This famous old mine consisted of three tunnels and one shaft. What is significant here is the fact that 89 years ago one of the three tunnels was reported to have been discovered, and mining circles in nearby Salt Lake City were stirred from center to circumference over the find. Ore was brought into Salt Lake City from the old mine which carried sensational values in gold. It was reported that the old workings were quite extensive, and that on the banks of a small lake, in the near vicinity, the remains of an old arrastra had been found. Reportedly, the old mine workings had been found by several Provo, Utah families while following the instructions contained in an old and musty chart secretly obtained from the achieves of a crumbling and dilapidated convent in Mexico.
Immediately following the discovery, a series of lode mining claims, appropriately called the "Lost Mine Josephine," had been filed upon the old mine tunnel in September of 1898 by its locators, William Bird, Sr., William Bird, Jr., Albert Bird, A.L. Aveny, Isaac Hunter and Orin Bates. Shortly thereafter, the Lost Josephine Mining Company was formed in Salt Lake City, Utah.
Connected with the enterprise were such men as Senator Thomas Kearns, the company's manager, Captain Timothy Egan, C.E. Hudson and Sam T. Godbe. The company was popular from the start and, as such, no difficulty was experienced in the disposal of treasury stock. Frequent examinations were made of the mine by experienced mining men, and it was believed that the company had a bonanza in the discovery, and that it also "had the world by the tail on a down-hill pull.
After all, the Lost Josephine Mine had finally been found and, according to advisers from Provo, it had been so "recognized." Not only had the location been determined from the instructions of the old Spanish document, but within the workings themselves had been found very, old and rotting timbers, the remains of shovels and picks of Spanish origin and ore which was sensationally rich -- not to mention the remains of the ancient arrastra found but a short distance from the mine itself.

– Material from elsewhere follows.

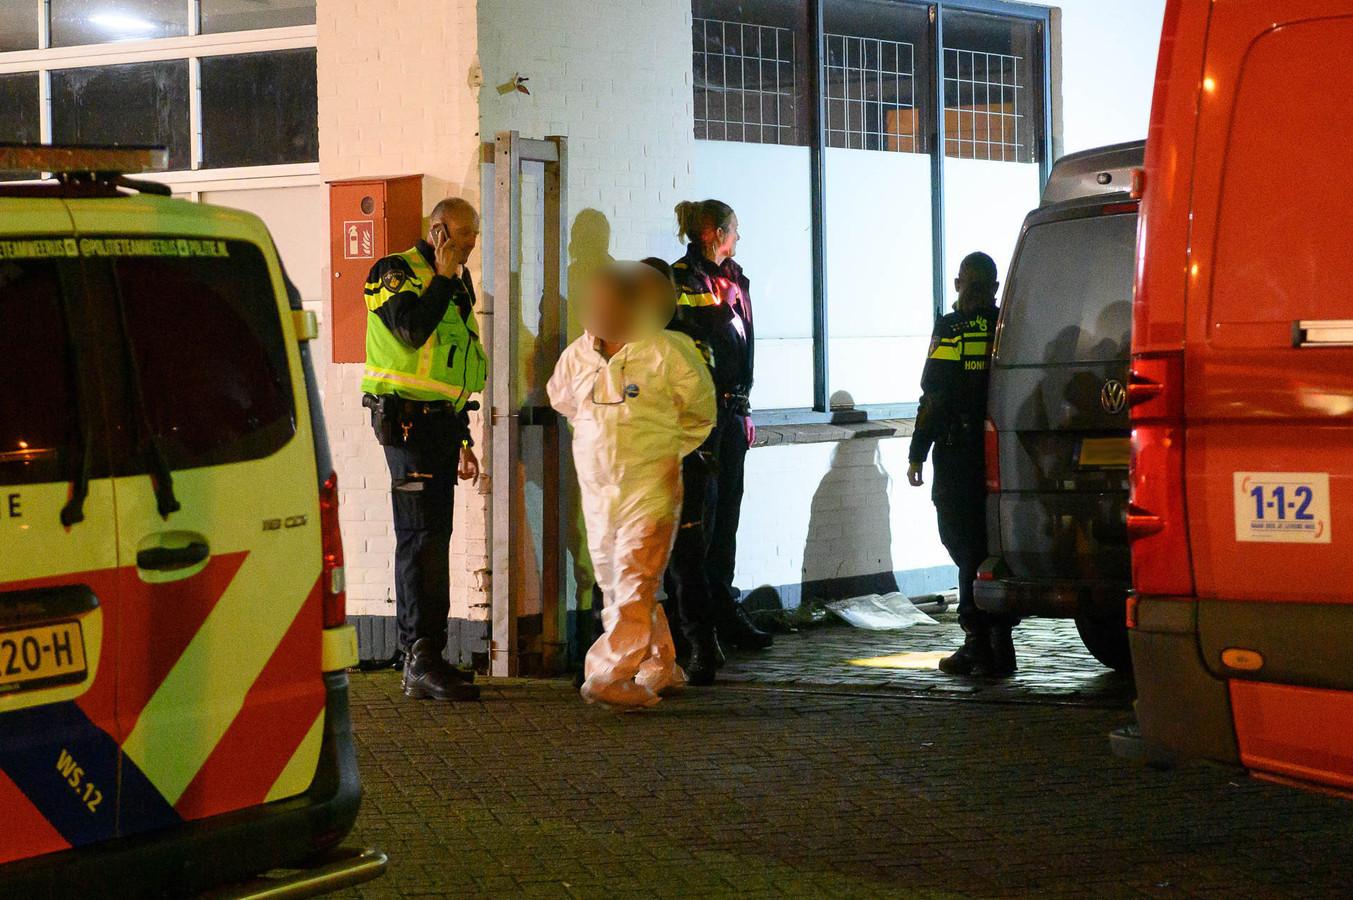 Vijf mannen zijn in de buurt van de loods aangehouden.

Unfortunately, after the expenditure of considerable sums of money in the excavation and development of the old and collapsed mine tunnel, one of the officers of the company - not being fully satisfied in his own mine regarding the sensational assay values of the property made an examination of his own of the old mine while no one else was around. He placed several powder shots for himself; went through some fine-looking ore showing in the face and sides of the ore body, and the samples he took from the main body showed hardly a trace. From doubt to suspicion was but a small step, and a secret conference was held by the officials of the company. Immediately thereafter, another quiet and somewhat exhaustive examination was made, and the final verdict was, the mine had been salted.

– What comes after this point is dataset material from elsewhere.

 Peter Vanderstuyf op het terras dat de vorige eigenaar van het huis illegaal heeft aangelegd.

It was of no matter that the old mine was generally accepted, by all concerned, to be that of the old Spanish document, or that it would possibly be proven to be a very rich producer of gold and silver with the removal of the rubble from its collapsed tunnel. The fact remained: it had been salted by its original locators for the purpose of procuring a guaranteed investment capitol for its development, and had therefore become too much of a "hot potato" for the Senator and his constituents to handle.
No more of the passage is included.